This paper aims to analyze errors in the implementation of the Physics-Informed Neural Network (PINN) for solving the Allen--Cahn (AC) and Cahn--Hilliard (CH) partial differential equations (PDEs). The accuracy of PINN is still challenged when dealing with strongly non-linear and higher-order time-varying PDEs. To address this issue, we introduce a stable and bounded self-adaptive weighting scheme known as Residuals-RAE, which ensures fair training and effectively captures the solution.
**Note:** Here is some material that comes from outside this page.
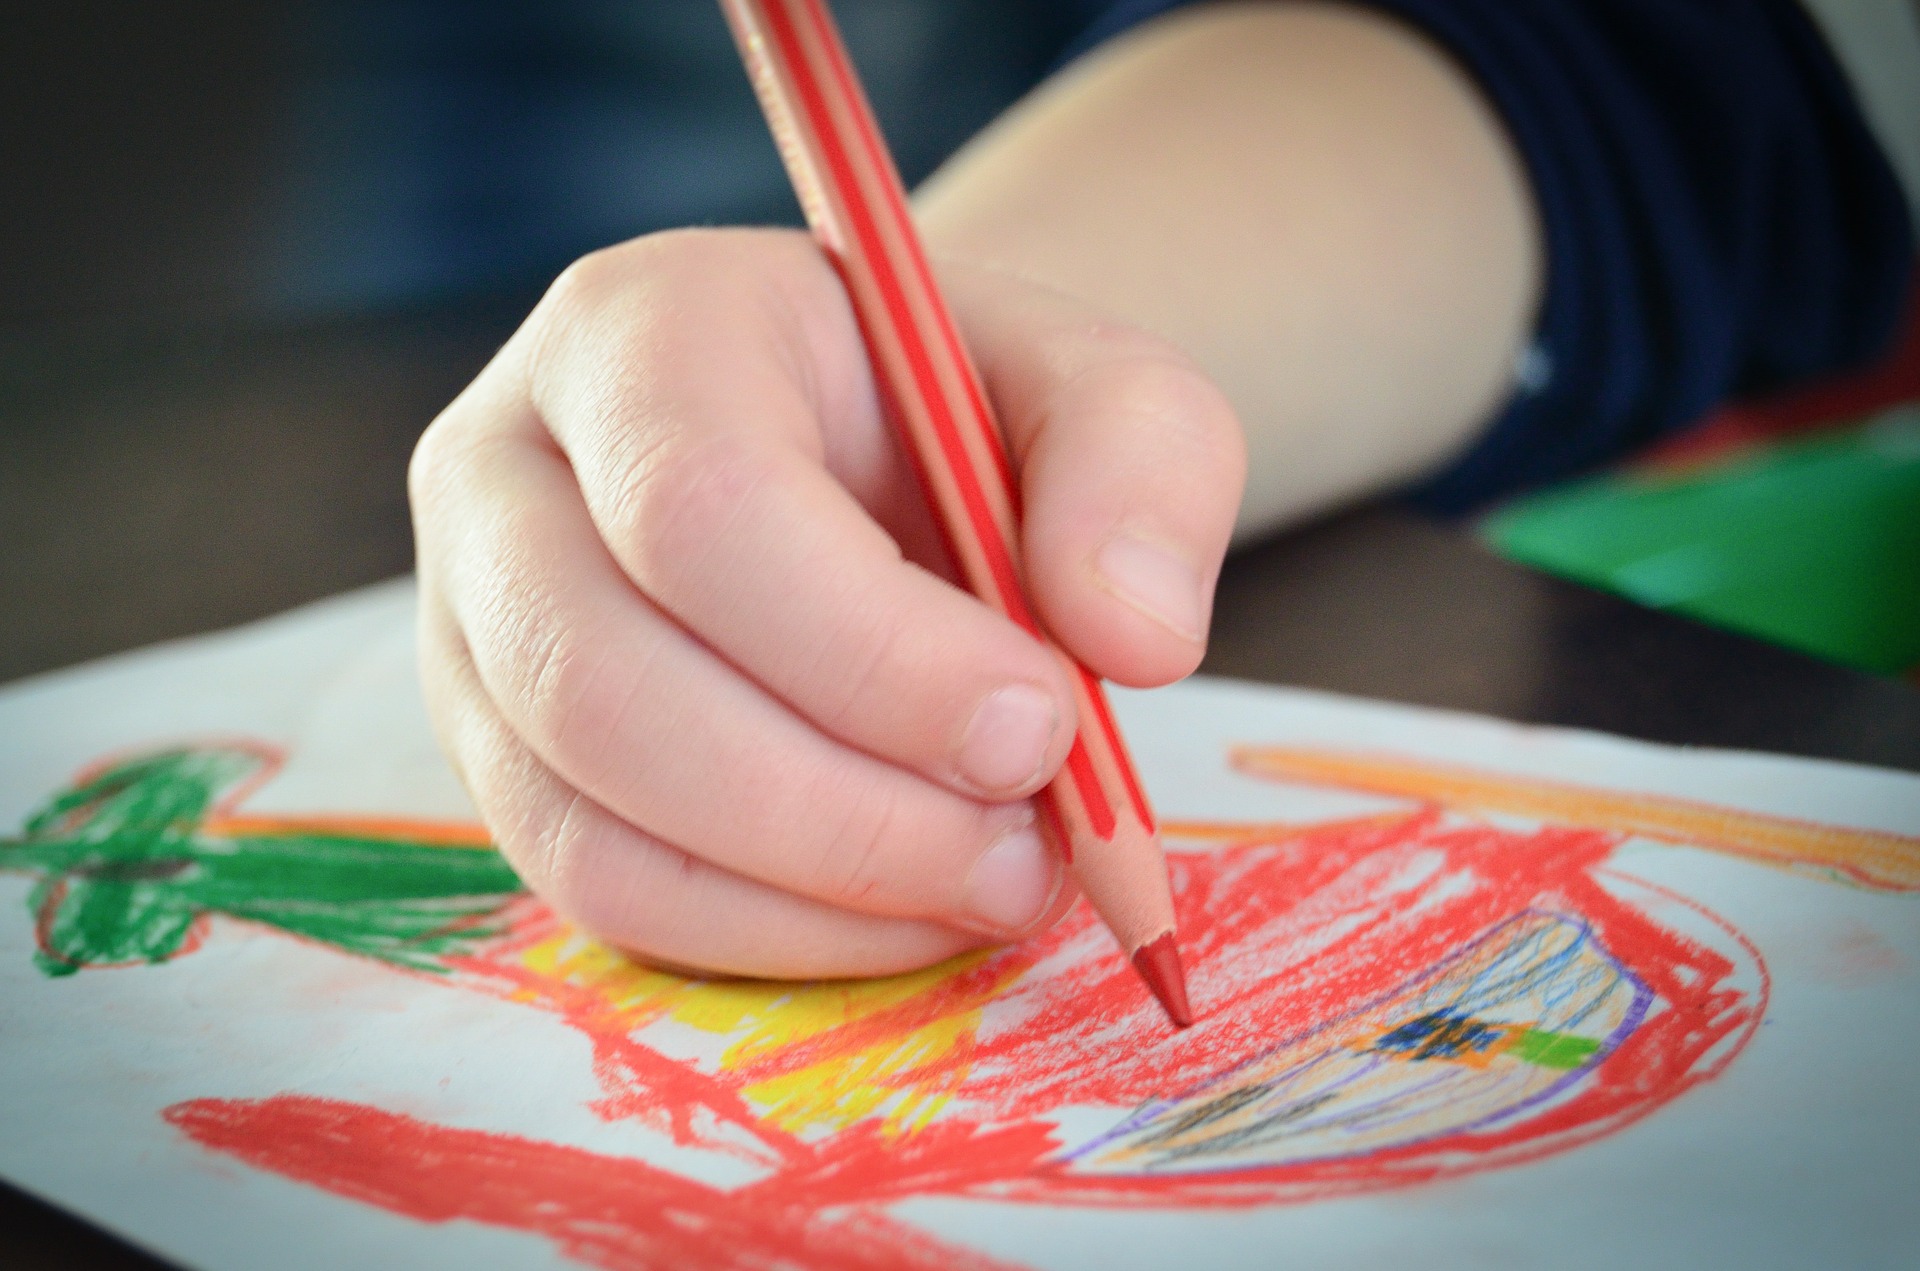 Impugnatura della matita - Interpretiamo il disegno dei bambini
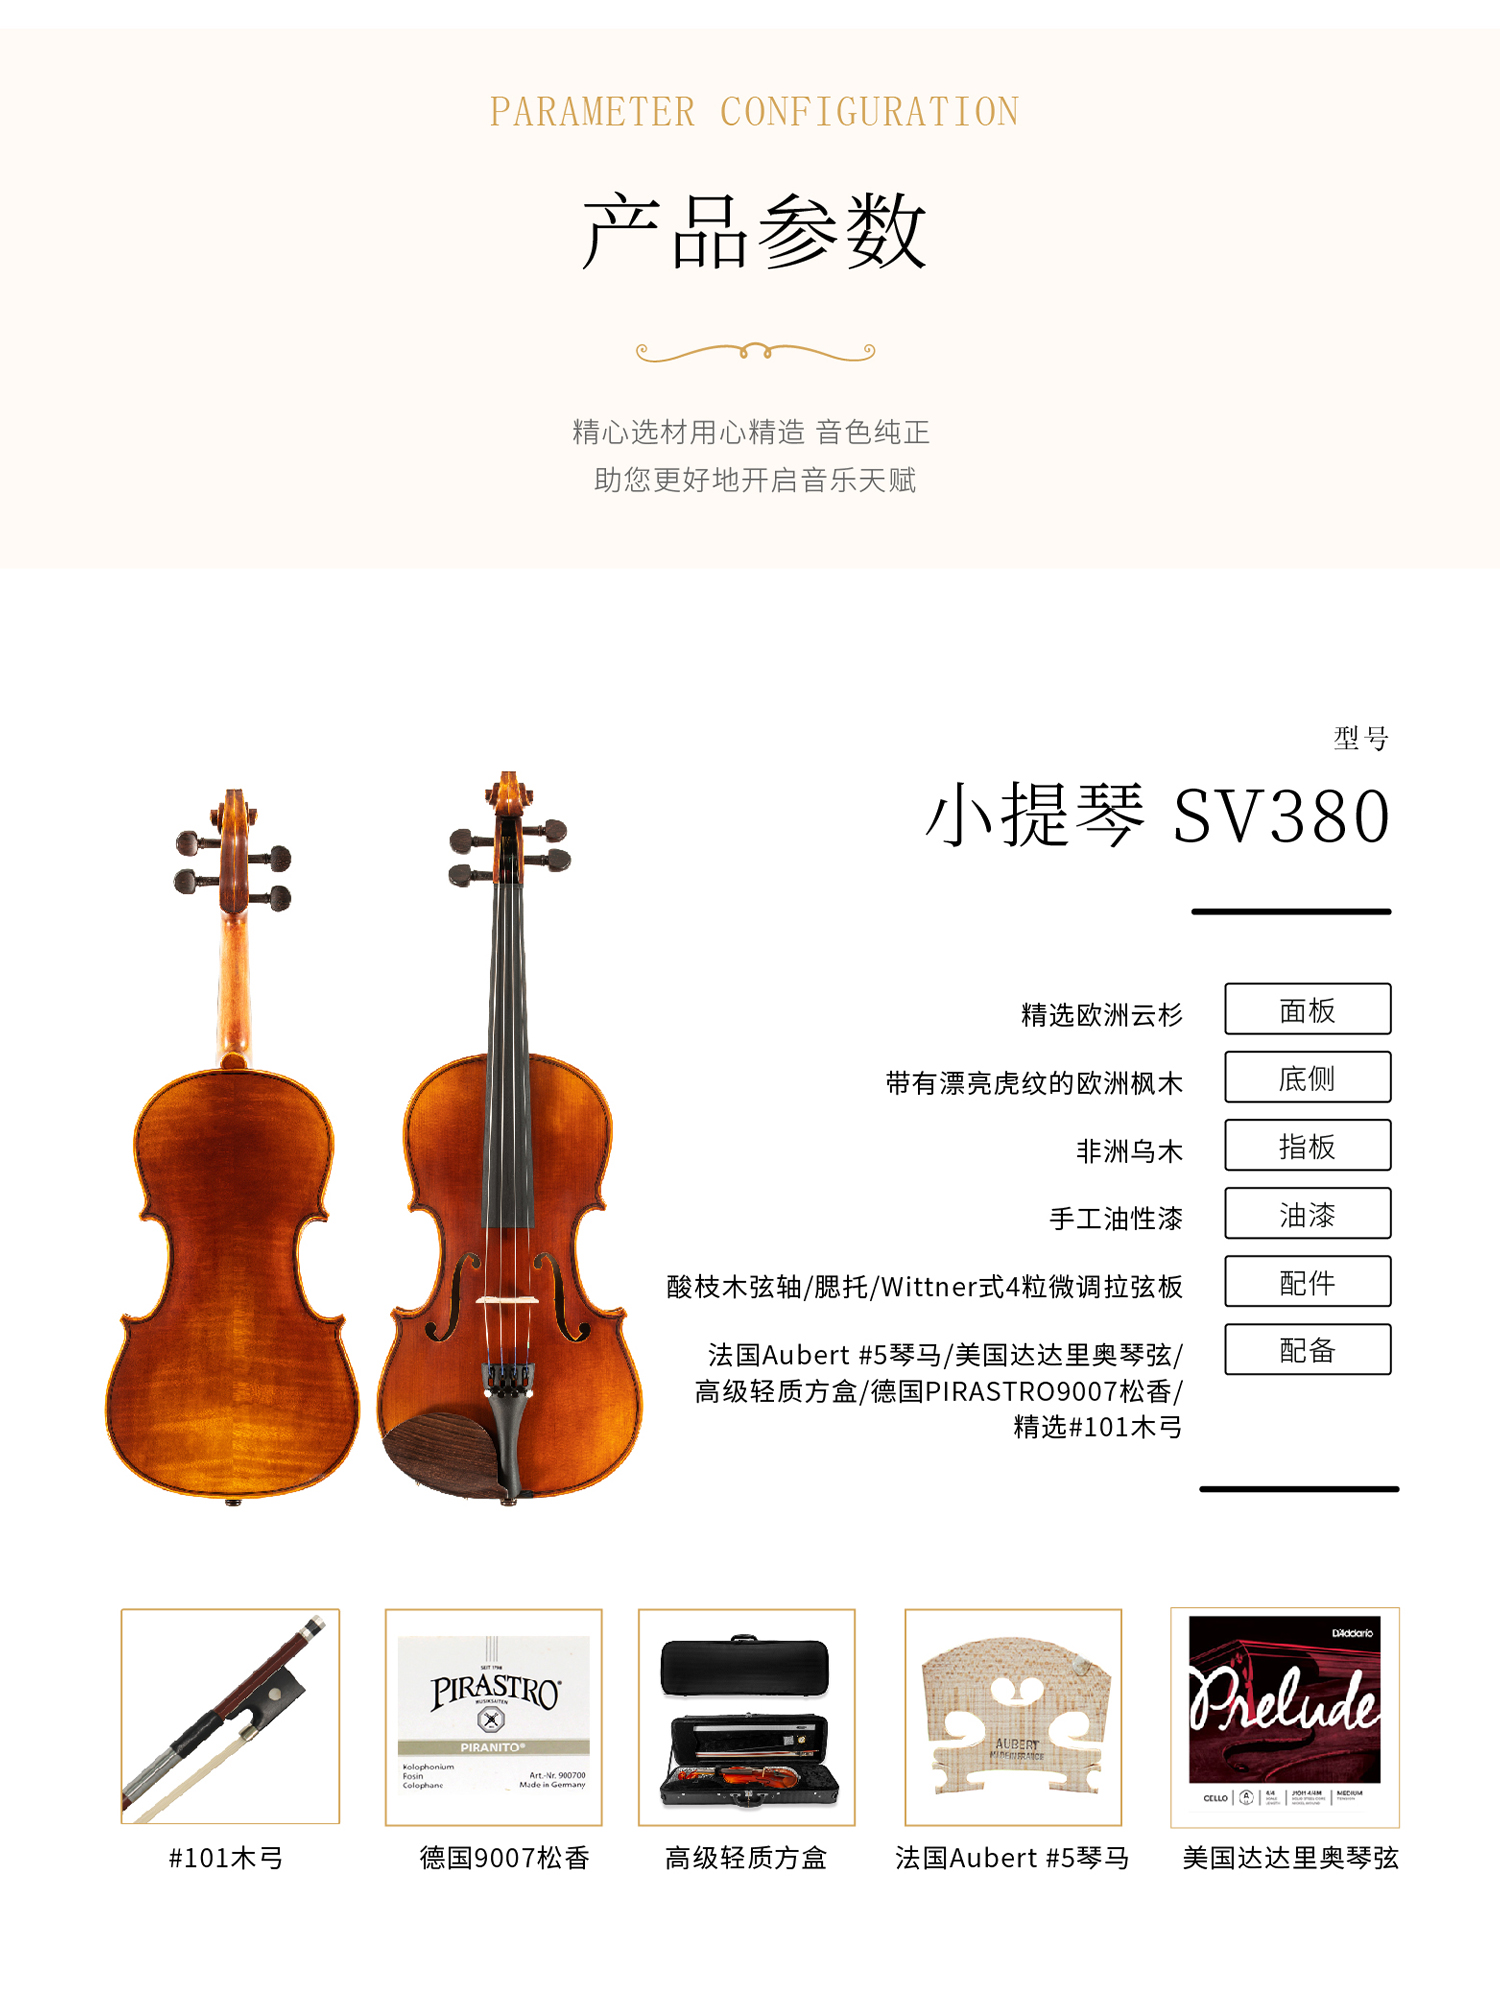 熙珑乐器专营店-详情-v1-2_SV380小提琴_复制_PC-副本-2_PC-副本-2_03.jpg

By incorporating this new training loss function, we conduct numerical experiments on 1D and 2D AC and CH systems to validate our theoretical findings. Our theoretical analysis demonstrates that feedforward neural networks with two hidden layers and tanh activation function effectively bound the PINN approximation errors for the solution field, temporal derivative, and nonlinear term of the AC and CH equations by the training loss and number of collocation points.

翻译：本文旨在分析采用物理信息神经网络（PINN）求解Allen-Cahn（AC）和Cahn-Hilliard（CH）偏微分方程（PDEs）时产生的误差。当处理强非线性及高阶时变偏微分方程时，PINN的精度仍面临挑战。为解决该问题，我们引入一种稳定且有界的自适应加权方案——残差自适应估计（Residuals-RAE），该方法确保训练过程的公平性并有效捕捉解的特征。通过融入这一新的训练损失函数，我们在一维和二维AC与CH系统上开展数值实验，以验证理论推导结果。理论分析表明，采用双隐藏层前馈神经网络与tanh激活函数，能够通过训练损失和配置点数量有效界定PINN近似解的误差，涵盖AC和CH方程的解场、时间导数及非线性项。